Es importante pues para el tema educativo considerar que las tendencias actuales, que difícilmente serán modificadas en las décadas más cercanas, traerán como consecuencia inminente un descenso marcado en la población de niños y jóvenes y, por ende, una disminución de la demanda del servicio escolar. En función del compromiso de los actores educativos (desde las autoridades hasta los maestros y los alumnos), lo anterior pudiera ser un arma de doble filo: por una parte, una ocasión para incrementar la calidad del servicio educativo, pero, por otra, una excusa perfecta para aligerar las responsabilidades –económicas, sobre todo– que la tarea educativa supone para el gobierno.
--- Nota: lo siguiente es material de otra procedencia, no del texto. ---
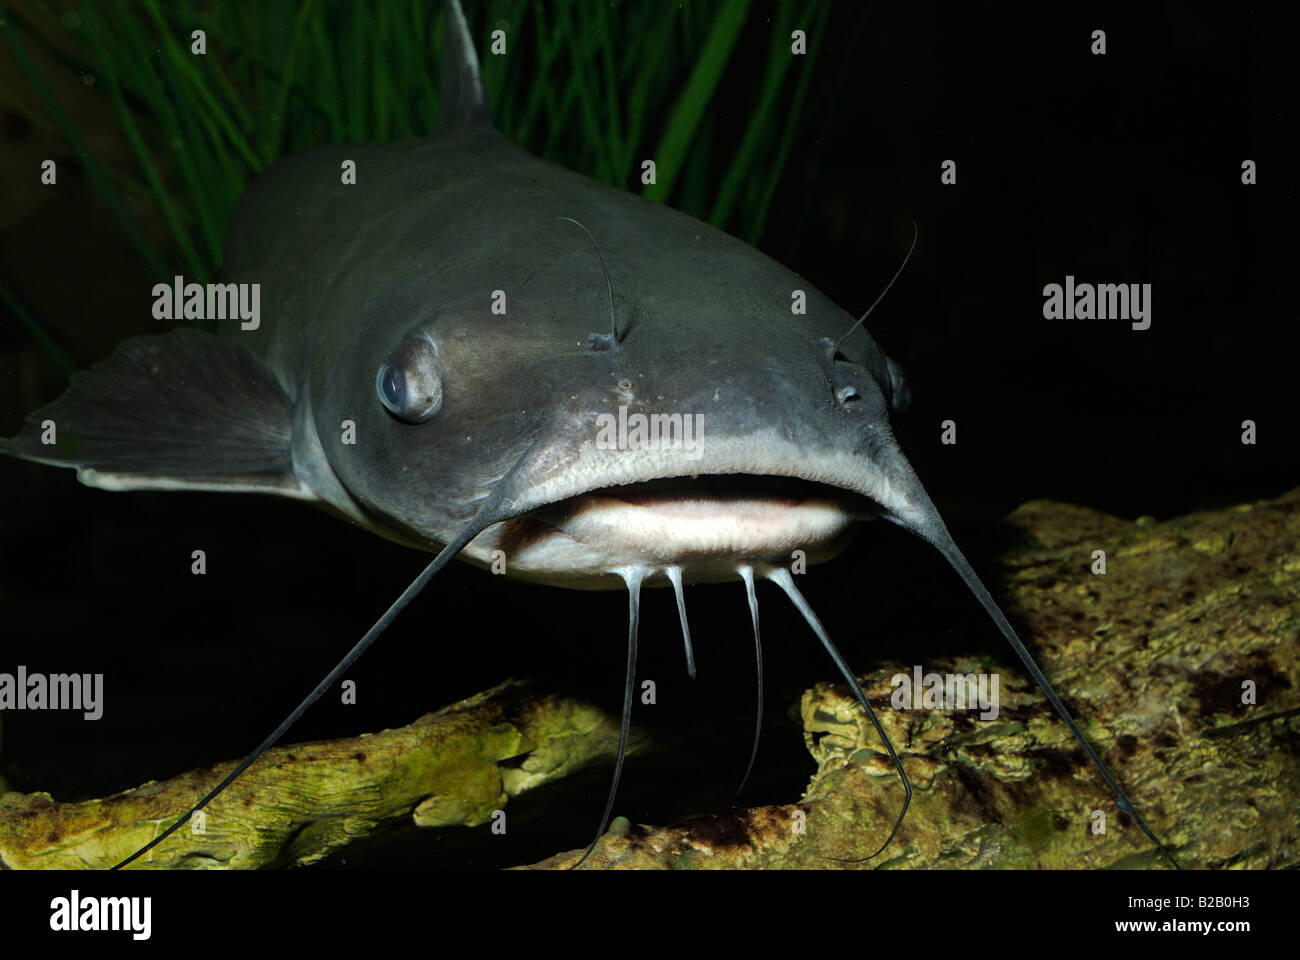 Fish Rules - Catfish, Channel in FL State Waters

Es evidente que una de las repercusiones de la disminución de la población escolar pudiera ser el contar con grupos escolares más pequeños. Las autoridades gubernamentales ven con preocupación que la cantidad de alumnos por grupo vaya a la baja y, en consecuencia, no han dudado en fusionar grupos y hasta cerrar escuelas, ignorando que el estudio Infraestructura, mobiliario y materiales de apoyo educativo en las escuelas primarias. ECEA 2014 (INEE, 2016) concluye que casi uno de cada tres docentes (31%) de educación básica considera que su salón es pequeño en relación al número de integrantes de su grupo escolar. Conseguir que las aulas de los alumnos sean lugares con suficiente espacio para desarrollar las tareas con comodidad y además para albergar materiales didácticos, implicaría no tocar, en la medida de lo posible y a pesar de la reducción del alumnado, la planta docente con la que cuenta el país, así como la cantidad de escuelas y grupos. Evidentemente, lo anterior contravendría a algunas autoridades en sus políticas de racionalización del gasto, las cuales, curiosamente son aplicadas prioritariamente en servicios públicos y no en otras áreas a las que se destina el erario.
No existen evidencias contundentes de que los grupos reducidos tengan un impacto significativo en los resultados académicos medidos a través de pruebas estandarizadas: si bien se advierte “una relación negativa entre el tamaño de la clase y el desempeño académico de los estudiantes en América Latina con base en la prueba internacional PISA de 2012” (Botello- Peñaloza, 2016, p.106), este factor palidece frente a otros de mayor trascendencia como los ingresos o la escolaridad de los padres. No obstante lo anterior, parece que no hay duda en cuanto a los beneficios que los grupos más pequeños significan para el trabajo cotidiano, tales como estar en posibilidades de atender más fácilmente las necesidades individuales de los estudiantes (OCDE, 2016, p. 418) o llevar actividades que demanden la participación de cada alumno (Botello-Peñaloza, 2016, p.117).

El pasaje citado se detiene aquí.